Productivity Measurement
Factors affecting productivity improvement Changes in the work force - The proportion of workers with higher education, the proportion of workers with experience, the age and gender of the workers have positive or negative effects on productivity. Change in industrial composition - Some times there are sudden trends of large number of workers moving from one industry to another that is more productive. Such changes affect the productivity growth rate. For example, from the last decade of 20th century in India, there has been a shift from Manufacturing Industries to Information Technology and other service industries.
Productivity Measurement
Change in capital-labor ratio - The productivity is also affected by the ratio of investments in capital and labour by an organization. If an organization suddenly shifts from capital intensive to labour intensive or vice versa, the productivity is bound to get affected in both the cases. Decrease in research-and-development spending Innovation is the order of the day and continual improvements both incremental as well as breakthroughs are very essential for the growth of an organization.
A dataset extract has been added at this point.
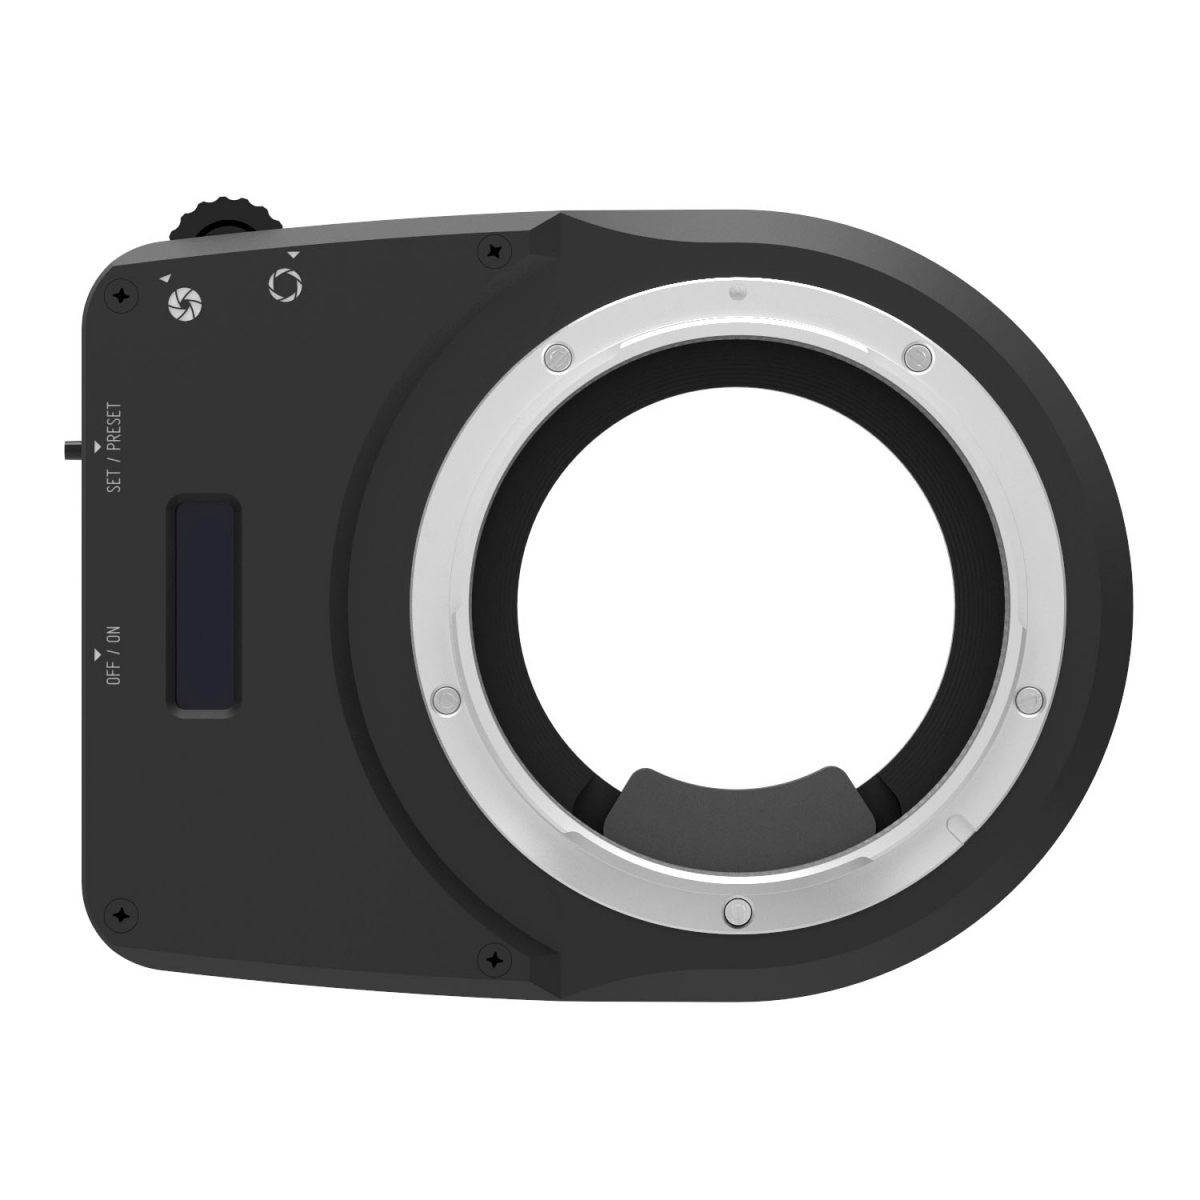 CAMBO CA-GFX adapter met electronische diafragmasturing, om Canon EF lenzen te gebruiken op de Fuji GFX bodies

In case of breakthroughs, there could be a small drop in the productivity initially but will soon go up beyond what it was before the breakthrough stage. The breakthroughs play a major role in improving productivity and hence a decline in the number of breakthroughs or decrease in the budgets for R & D will have an adverse effect on productivity growth.
Productivity Measurement
Governmental regulation Certain increases in Governmental regulations are also cited by organizations as a cause of productivity problems. Some organizations in U.S have openly come forward against one of the recent acts Sarbanes Oxley Act.
Productivity Measurement
How do we go about Improving productivity ? Stimulate research and development - Organizations have to evolve policies and strategies for increasing research and development activities. Many organizations in India, specially in the automotive sector have setup integrated R & D centers and have allocated separate budgets for the same. Change incentives for working - The organizations should come forward with productivity linked incentive plans. Many organizations have three year agreements with their workmen and they have now adopted productivity and incentives as one of the agenda in their meetings before concluding the agreements. Employees should be paid for their output and not for the time spent by them on the job.
Productivity Measurement
Increase labor-management cooperation - Again as part of their agreements, the management and labour can explore all possible avenues and areas for co-operation and chalk out the plans for improvement in productivity. Increase employee participation - Another method of improving productivity is to increase employee participation in problem solving and making decisions. Many organizations have now adopted the Japanese techniques like Kaizen, Quality Circles etc, and have reaped enormous benefits in the form of increased productivity.
Productivity Measurement
Tighten existing controls - Another way to improve productivity is to tighten existing controls to eliminate all kinds of wastages and inefficiencies thereby increasing the individual as well as group outputs. Change government policies - The government policies can aim at reducing inflation which would facilitate long-term investments and increased budget allocations for research and development. The simplified regulations would free organizations from the extra burden of paper work which is one of the causes for limiting productivity.